Aides financières disponibles après un décès
Lorsqu’une personne décède, les proches font souvent face à une baisse brutale de revenus. Pourtant, de nombreuses aides financières existent en France — peu connues, dispersées et difficiles à identifier. Cette page rassemble toutes les aides disponibles avec des explications simples et pratiques.
- La pension de réversion permet au conjoint survivant de percevoir 50 à 60 % de la retraite du défunt.
- L’allocation veuvage (environ 723 €/mois) soutient les conjoints de moins de 55 ans pendant 2 ans maximum.
- La CAF revoit automatiquement les APL et les droits après un décès : déclarez le changement sur caf.fr.
- Beaucoup de mutuelles prévoient une aide financière pour les obsèques — contactez-les dès que possible.
- Le CCAS de votre commune peut accorder une aide exceptionnelle d’urgence selon votre situation.
La pension de réversion
La pension de réversion est l’aide la plus importante pour les conjoints survivants. Elle permet de percevoir une partie de la retraite du défunt.
- Qui peut en bénéficier ? Conjoint marié, ex-conjoint divorcé (pas remarié), selon ressources pour la CNAV.
- Montant : entre 50 % et 60 % de la retraite du défunt selon les régimes. Possibilité de cumuler plusieurs réversions (base + complémentaire).
- Comment demander ? Sur le portail officiel lassuranceretraite.fr — formulaire unique pour tous les régimes.
L’allocation veuvage
Peu connue, l’allocation veuvage soutient financièrement les personnes jeunes, encore loin de la retraite. Conditions : avoir été marié, avoir moins de 55 ans, respecter un plafond de ressources, et que le défunt cotisait récemment à la Sécurité sociale.
Montant : environ 723 € / mois (montant 2024). Durée : versée maximum 2 ans.
Recalcul des APL et aides CAF
Après un décès, la CAF revoit automatiquement le montant des APL (souvent à la hausse), la composition du foyer, les droits RSA / Prime d’activité / ASF (si enfants). Certaines CAF accordent une aide forfaitaire d’urgence en cas de décès d’un proche (montant variable, 150 à 500 €). Comment faire ? Déclarez le décès immédiatement sur caf.fr dans « Signaler un changement ».
Aides des mutuelles et assurances complémentaires
Beaucoup de mutuelles prévoient une aide financière aux obsèques, une prise en charge partielle du transport du corps, un forfait d’accompagnement psychologique, des prestations pour le conjoint (ménage, garde d’enfants…).
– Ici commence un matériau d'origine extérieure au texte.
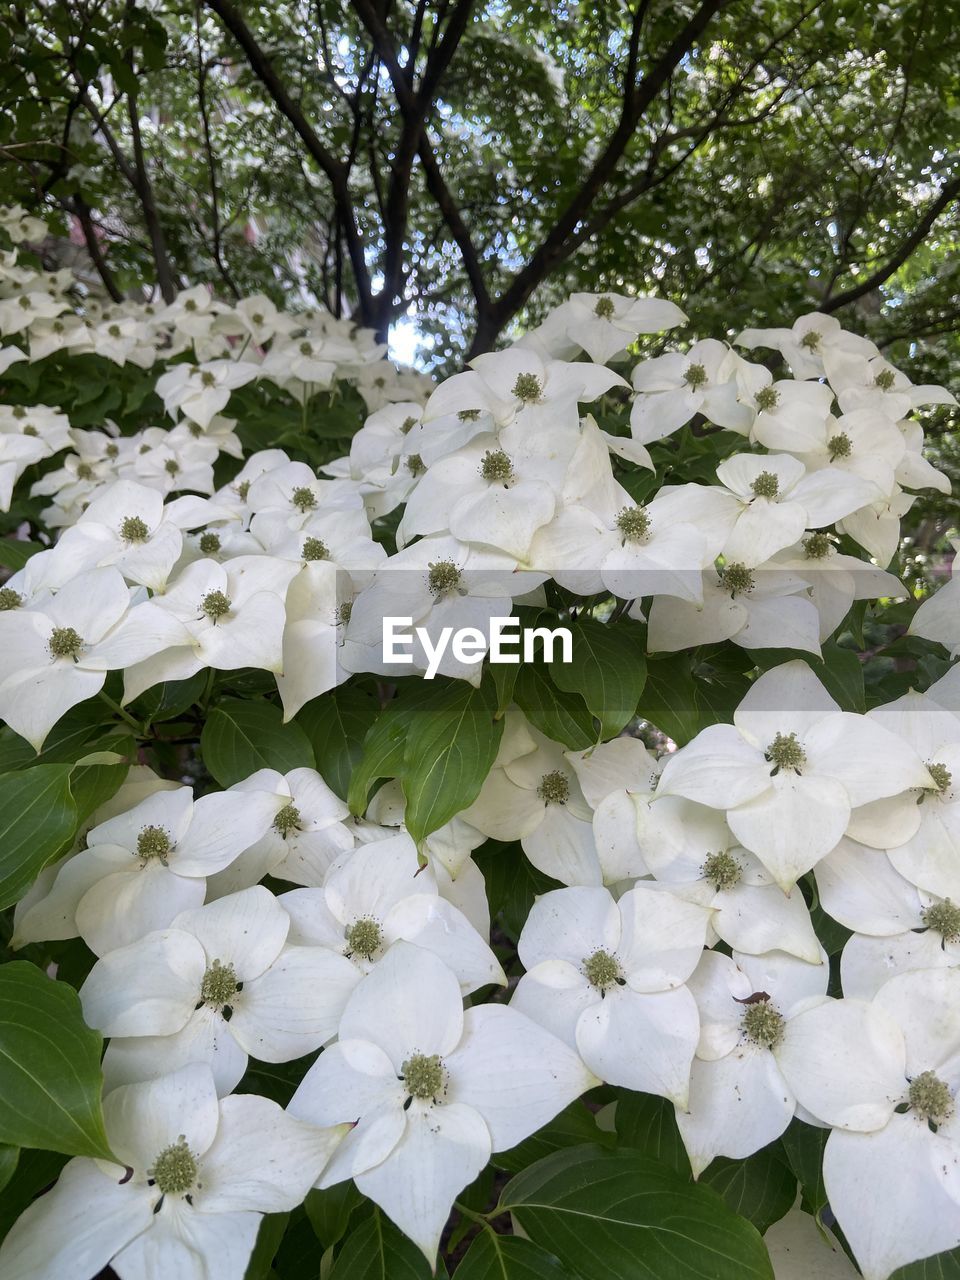 plant, flower, flowering plant, beauty in nature, growth, freshness, white, nature, fragility, blossom, petal, leaf, plant part, tree, no people, close-up, inflorescence, flower head, springtime, day, outdoors, green, botany, low angle view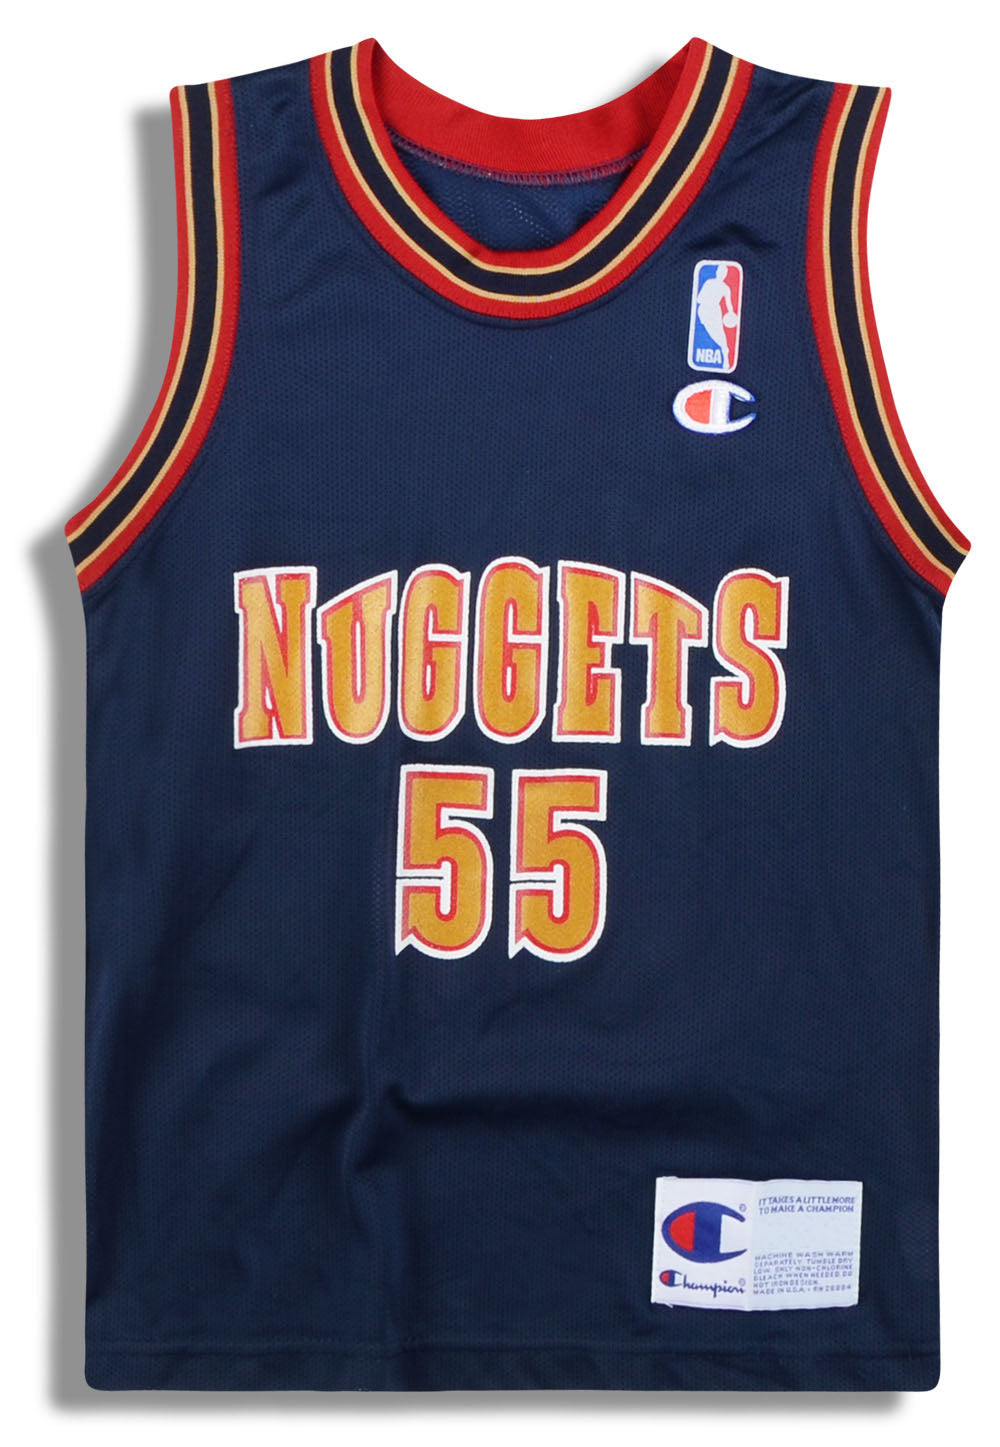 1993-95 DENVER NUGGETS MUTOMBO #55 CHAMPION JERSEY (AWAY) Y

Ces montants ne sont jamais automatiques : il faut contacter la mutuelle dès que possible.
Aides des CCAS / Mairies
Les Centres Communaux d’Action Sociale peuvent proposer une aide exceptionnelle d’urgence, une participation aux frais d’obsèques pour les foyers modestes, des bons alimentaires, un accompagnement social renforcé, et une prise en charge partielle du transport du corps selon les communes. L’aide est attribuée sur étude de situation.
Aides de la CPAM (autres que le capital décès)
La Sécurité sociale peut financer les frais d’accompagnement psychologique, parfois des séjours de répit, une participation à des services d’aide à domicile, et un soutien administratif. Toutes les caisses n’offrent pas les mêmes aides : contactez votre CPAM.
Aides pour le logement
Selon la situation du défunt : exonération temporaire de taxe d’habitation, réduction ou réévaluation du loyer HLM, maintien des droits APL, aides d’urgence du département.
Aides pour les frais d’obsèques
En complément des mutuelles, d’autres aides existent : CCAS (selon ressources), département pour les personnes isolées, certaines mairies, association France Victimes (en cas de décès brutal). Rappel : jusqu’à 1 500 € peuvent être prélevés sur le compte du défunt pour régler les obsèques, même si les héritiers refusent la succession.